The exergy thus provides a clear and comprehensible measure to assess quality compressed air systems to identify losses and to provide a basis of comparison for the evaluation of plants and plant parts.

Example: Calculation of exergy in a bicycle tire

A bicycle tire is to be inflated bar with a hand pump in accordance with the sketch from an external pressure of 1 to 4 bar. It is to determine the minimum required to work alongside the number of pump strokes. This work is also the energy contained by the inflation of the tire, as only a reversible process, the work is to be applied at a minimum. This means that an isothermal compression must be assumed, ie a process that would be theoretically frictionless and can only be realized in an infinitely long time to avoid heating.

Calculation of the number of strokes

Calculation of working

To calculate the work we imagine a pump that is so large that the compression process can be done with a single stroke. Then the entire mass is at the beginning in the system plus tire pump included at ambient condition.

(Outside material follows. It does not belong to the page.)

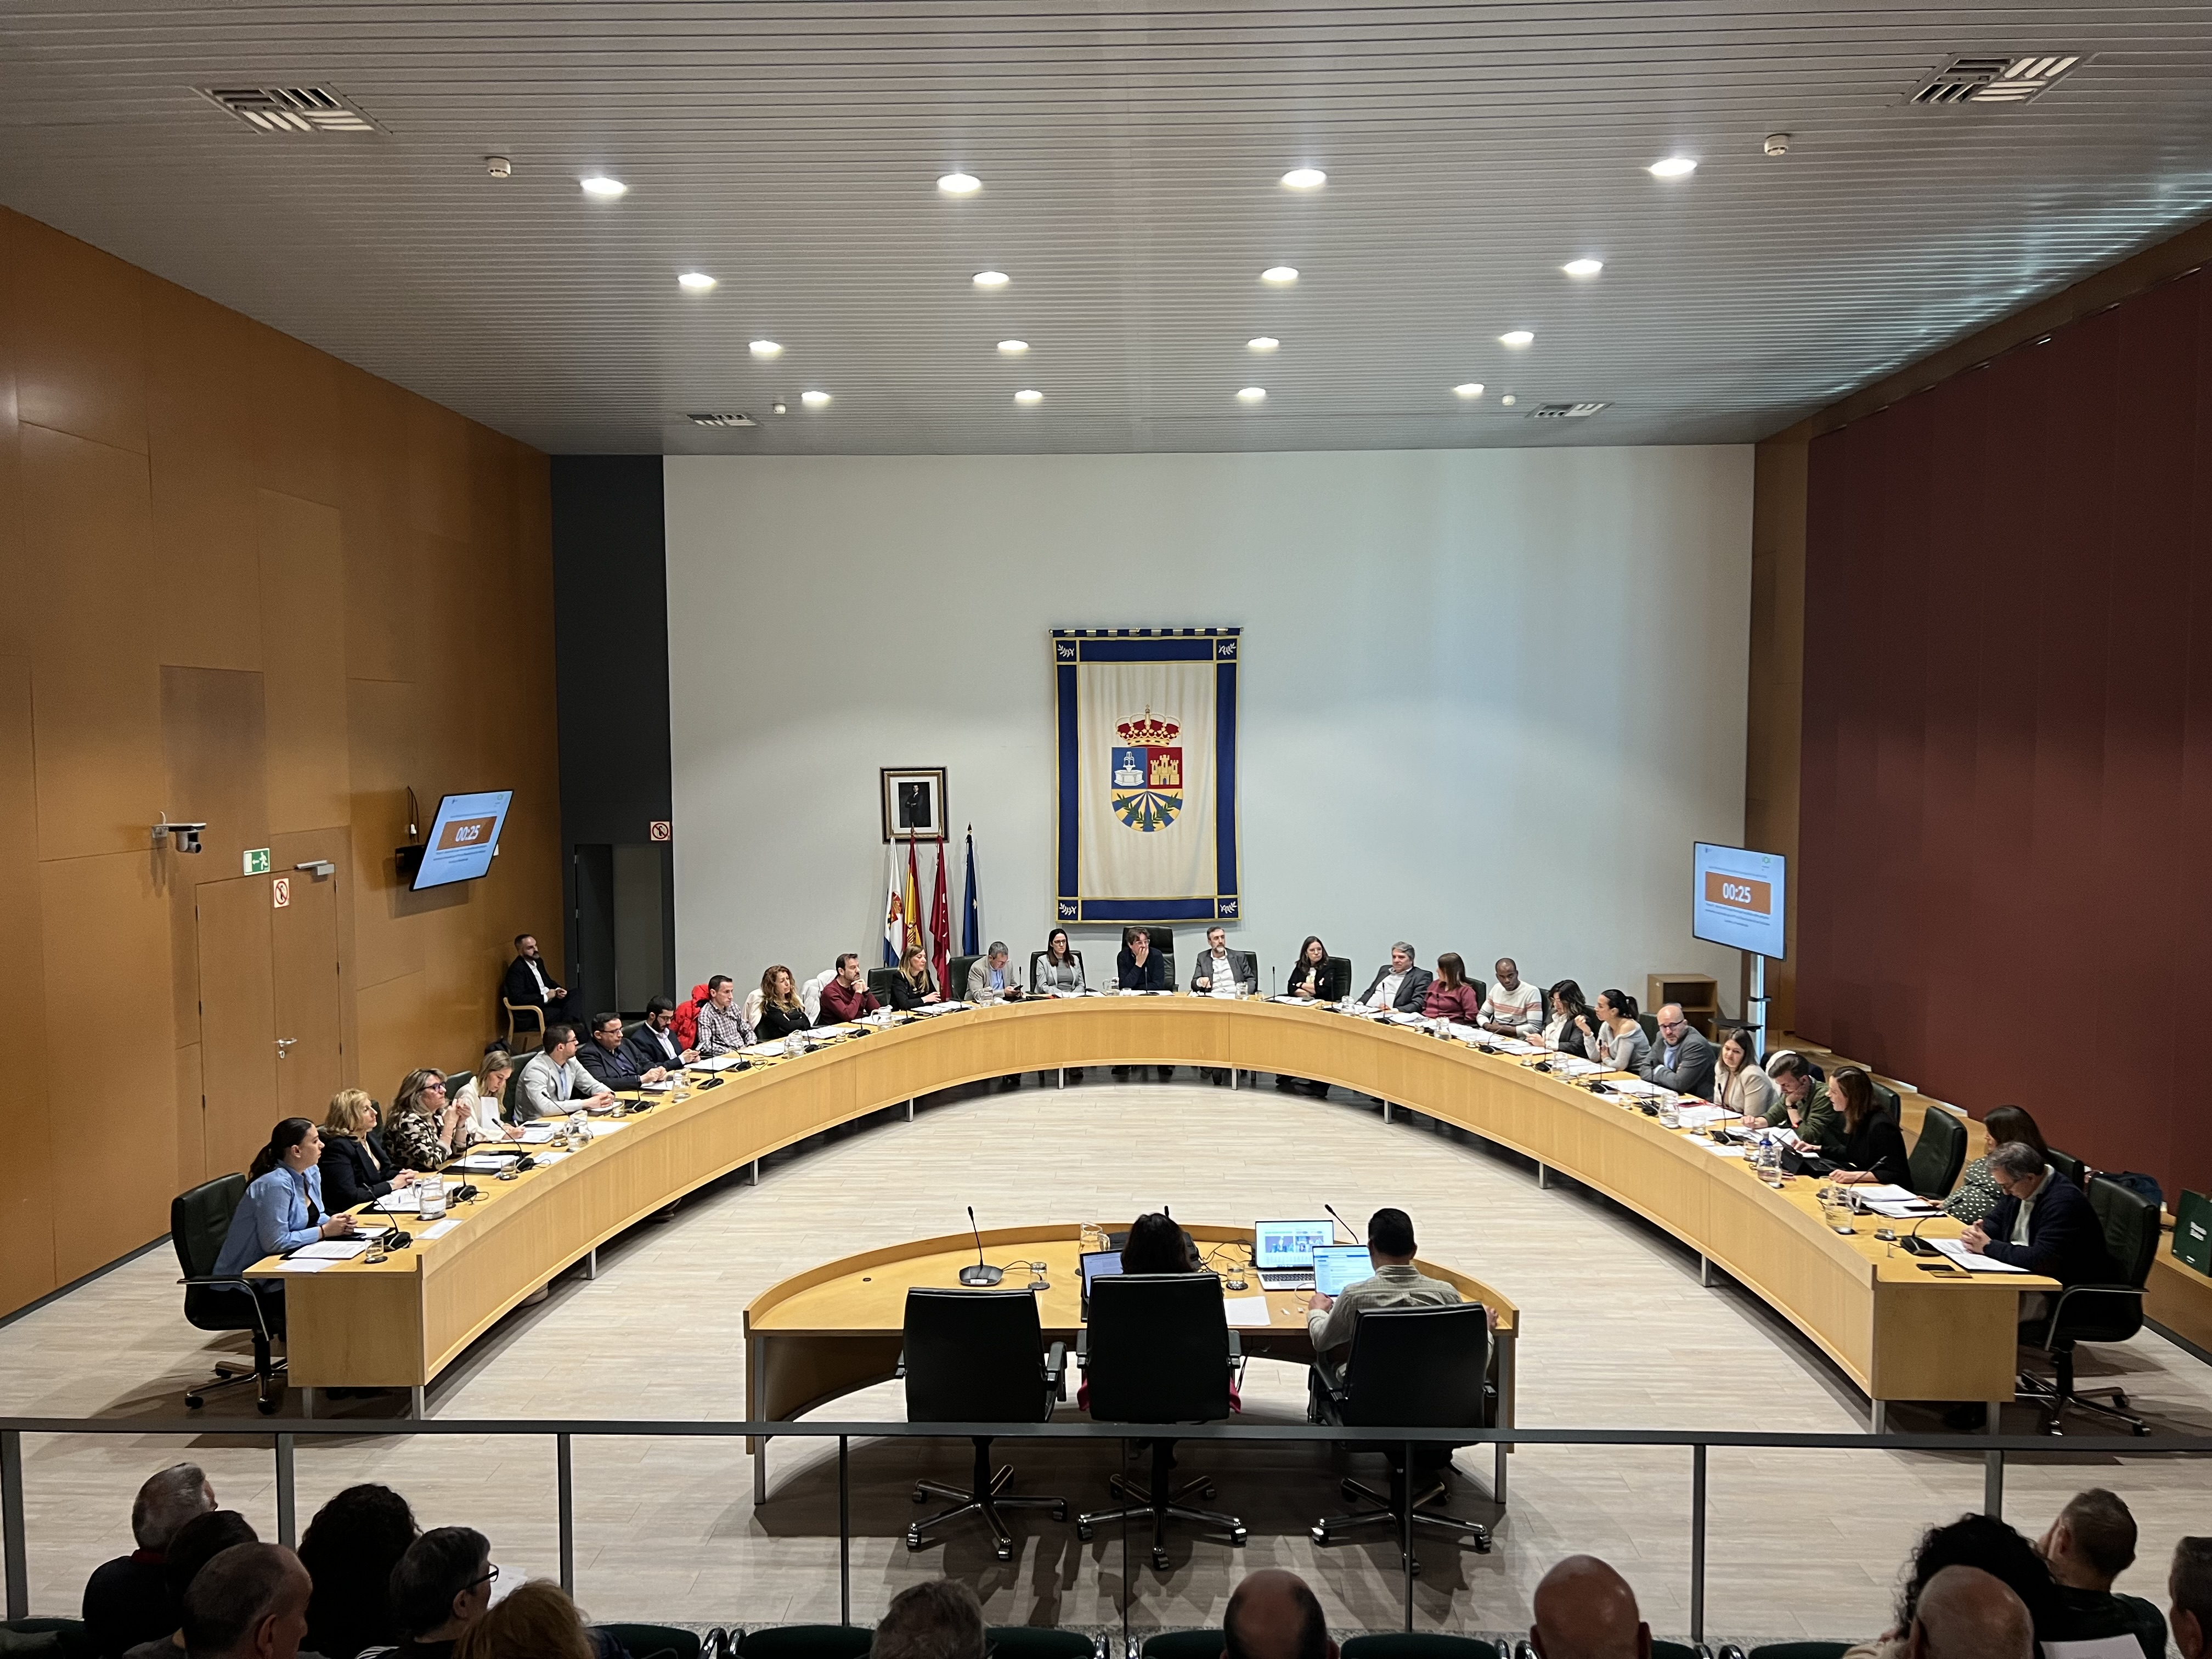 El pleno del Ayuntamiento de Fuenlabrada aprueba moción para revocar recortes en atención primaria y fortalecer políticas de salud en la región.
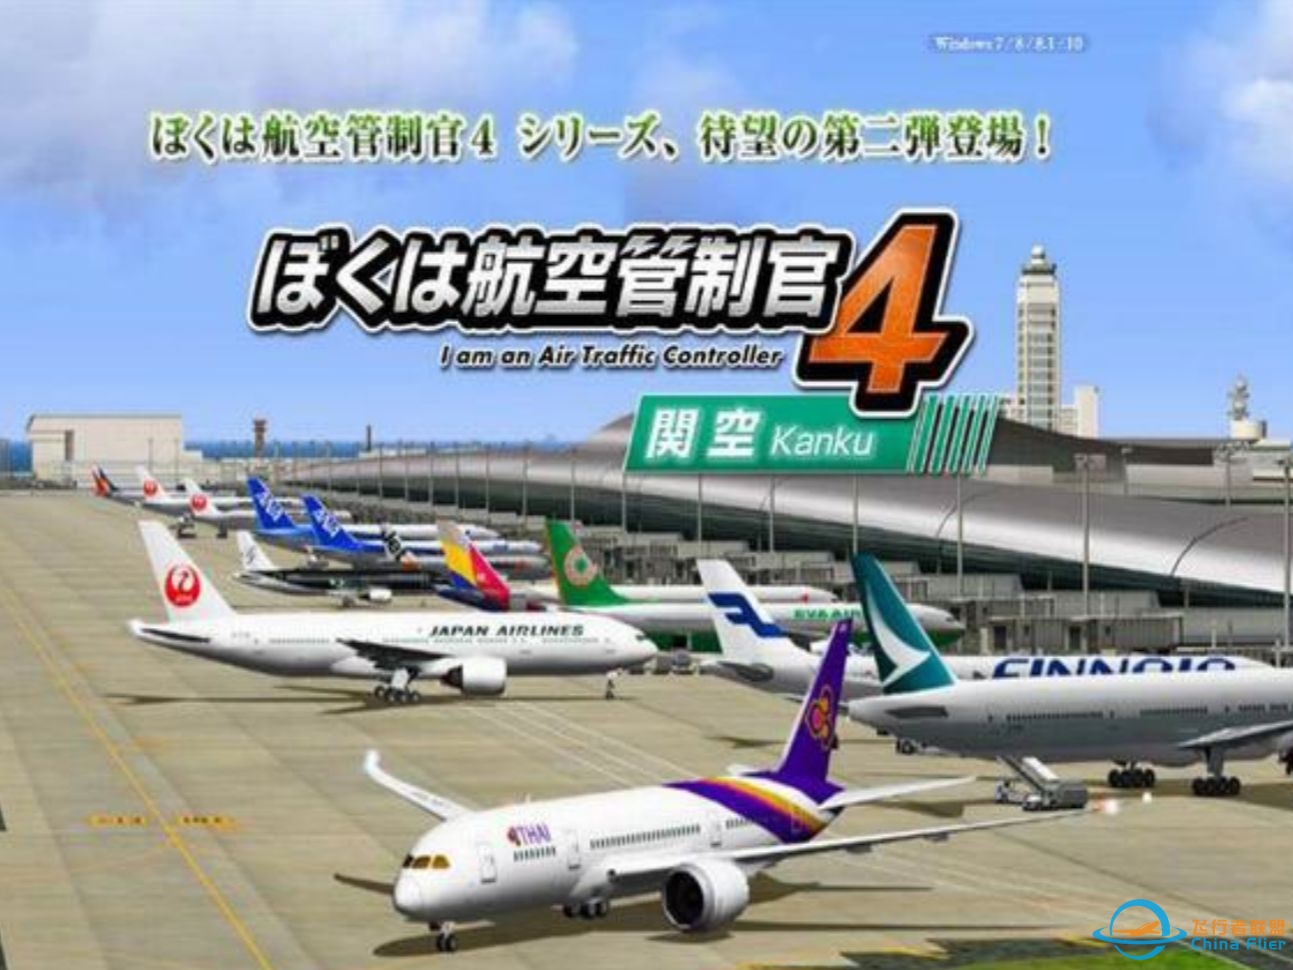 我是航空管制官4 ACT4 大阪关西国际空港篇-9（完结篇）-5900

With the stroke volume is now compressed to the tire. Without friction and with ( infinite) amount of time can reversible isothermal run the operation.

The real applied work is much greater due to the finite time for compression, where the air is heated and consequently a higher back pressure is overcome, and by friction losses in the valve and the piston, especially by the so-called dead space in the pump. You may well be twice that.

Difference between exergy and free enthalpy

Exergy is not to be confused with the free enthalpy G. This is merely a state function which describes the state of a material with a specific composition at a given temperature and pressure. It is independent of the environmental parameters such as ambient temperature, pressure and humidity, for example. Exergy other hand, depends on ambient temperature, pressure and composition very well, since it represents mechanical work, which can be obtained in a suitable machine, if one [ of a given temperature and pressure ] cools the substance according to ambient temperature and pressure / warms / relaxed / compacted etc. exergy is therefore a relative size and thus no state function. The exergy of a material stream can be determined as the difference between the Gibbs free energy in a given state and the free energy at ambient temperature and pressure.